The Lyxor STOXX Europe 600 Banks UCITS ETF (BNKE) led the downward spiral, falling 12.1% in the week to 28 February and 6% on Monday alone, according to data from ETFLogic.

Furthermore, the Invesco EURO STOXX Optimised Banks UCITS ETF (S7XE) also fell 6% in a single day and 12% over the week while the iShares EURO STOXX Banks 30-15 UCITS ETF (EXA1) shed 11.6% over a tense seven days and 5.6% on Monday.

Cyclical sectors such as financials tend to perform well amid periods of tightening monetary policy and rising inflation due to their tighter balance sheets and lending services.

This convention has been thrown out in recent weeks as western governments chose financial punishments over military mobilisation as the way to apply pressure on Russia, a decision which is blowing back on European banks. 

With many countries having blacklisted investments in Russian sovereign debt, the next steps were to escalate sanctions against the country’s central bank and individual banks.

Leaders from North Atlantic Treaty Organisation (NATO) and European Union member states agreed to freeze the Russian central bank’s assets, limiting access to its $630bn in international dollar reserves.

Taking an especially punitive stance, the UK banned its citizens and businesses from transacting with the Russian central bank, finance ministry and wealth fund. It also excluded all major Russian banks from its financial system, preventing them from clearing payments in the UK or accessing sterling.

However, after initial hesitation, the EU, US and UK’s recent decision to weaponise the SWIFT messaging system has had an especially pronounced effect in stifling some Russian banks’ international presence.

SWIFT plays a key role in facilitating seamless transfers of trillions of dollars of payments across borders. The inability to perform these transactions is a real dilemma for the banks being targeted and in combination with other sanctions, has led to a bank run as savers line up at ATMs in Russia.

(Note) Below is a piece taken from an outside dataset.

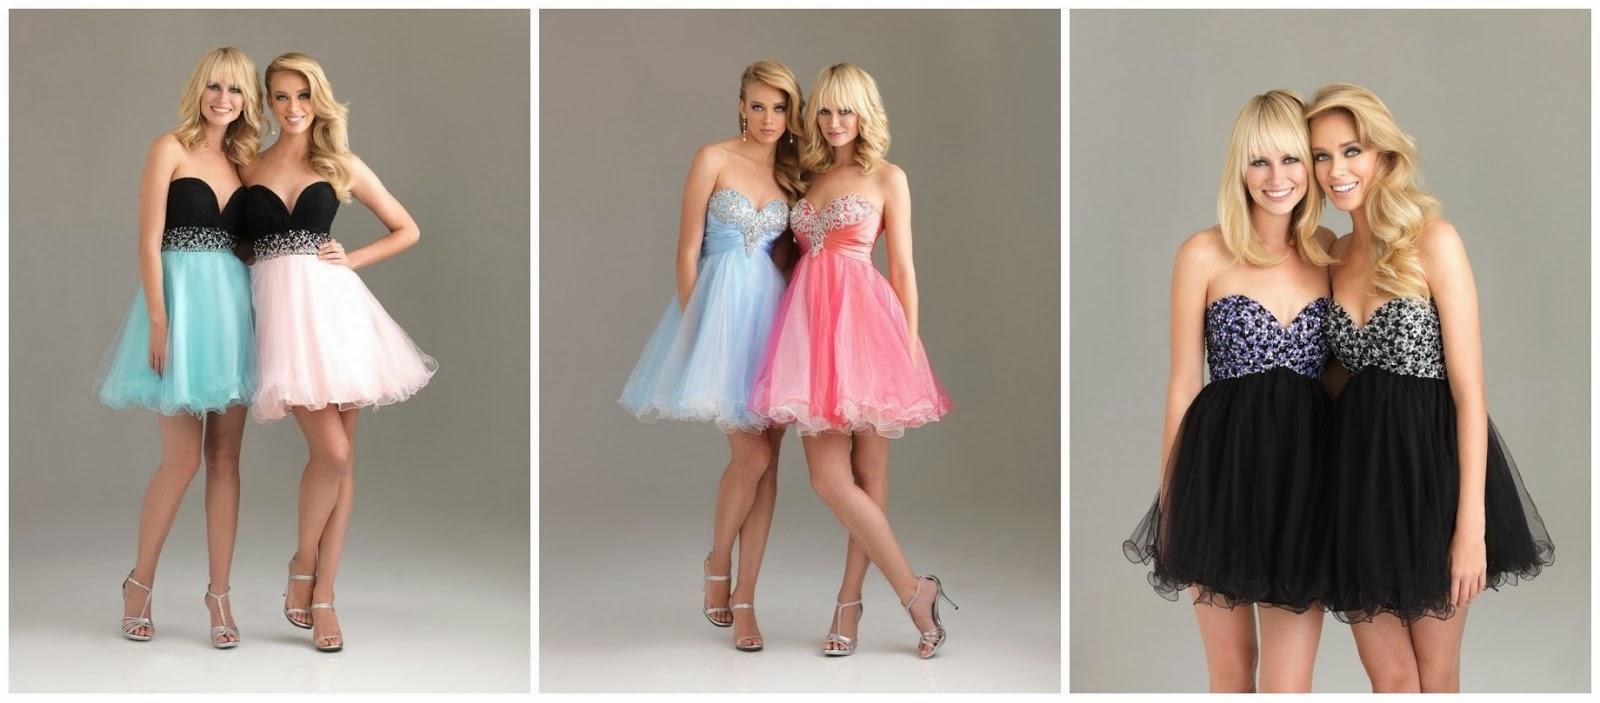 Imagenes de vestidos cortos para graduacion 2013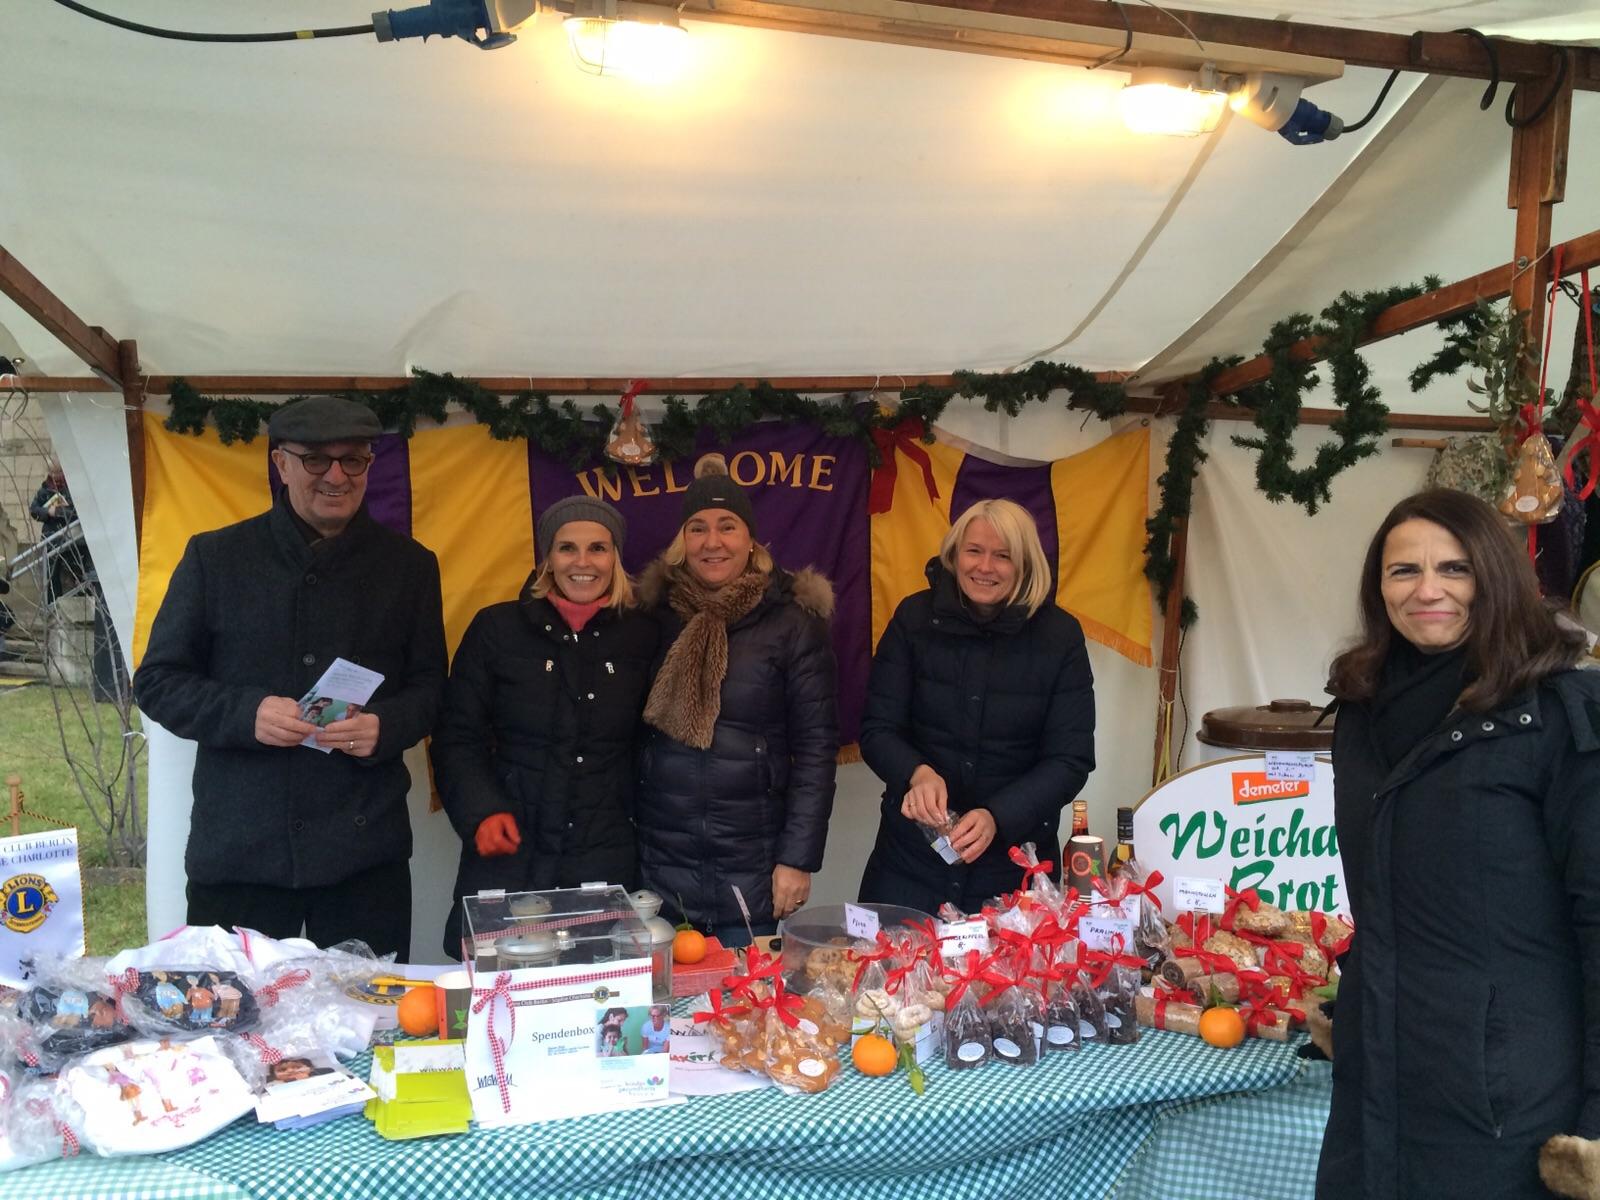 Lionsdamenclub Sophie Charlotte auf dem Weihnachtsmarkt ...

In a statement on Tuesday, SWIFT said: "We will always comply with applicable sanctions laws.

"We are engaging with these authorities to understand which entities will be subject to these new measures and will disconnect them once we receive legal instruction to do so.”

Elsewhere in Europe, the impact of these measures is also being felt by the clients, partners and creditors of Russian banks.

The Single Resolution Board (SRB) highlighted the “significant deterioration of the liquidity situation” at the Austrian, Croatian and Slovenian businesses of Sberbank, Russia’s largest bank and one of those affected by SWIFT exclusion.

The SRB also suspended Sberbank Europe subsidiaries’ payment and delivery obligations, meaning it would not oblige the bank to make pre-agreed payments or honour enforcement or termination rights.

Regarding European financials themselves, Austrian bank Raiffeisen generates around a third of its profits from Russia, with similar stakes in Russia’s domestic banking market held by France’s Société Générale and Italy’s UniCredit.Raiffeisen shares dropped 49.4% over the past month while SocGen shares fell 31% and UniCredit’s valuation shed 28% over the same period.

The strategy team at Saxo Bank also warned: “Another angle is that shifts in Russian elites’ wealth abroad that are looking to avoid sanctions could create disruptive effects in the global financial system.”

Following the SWIFT sanction decision over the weekend, German stocks took a beating on Monday, with Commerzbank and Deutsche Bank both falling by more than 8% apiece.

Even before this, investor concerns over the overlap between German financials and Russia was clearly illustrated as the Xtrackers DAX UCITS ETF (XDAX) and iShares Core DAX UCITS ETF (EXS1) saw $109m and $59m outflows last week.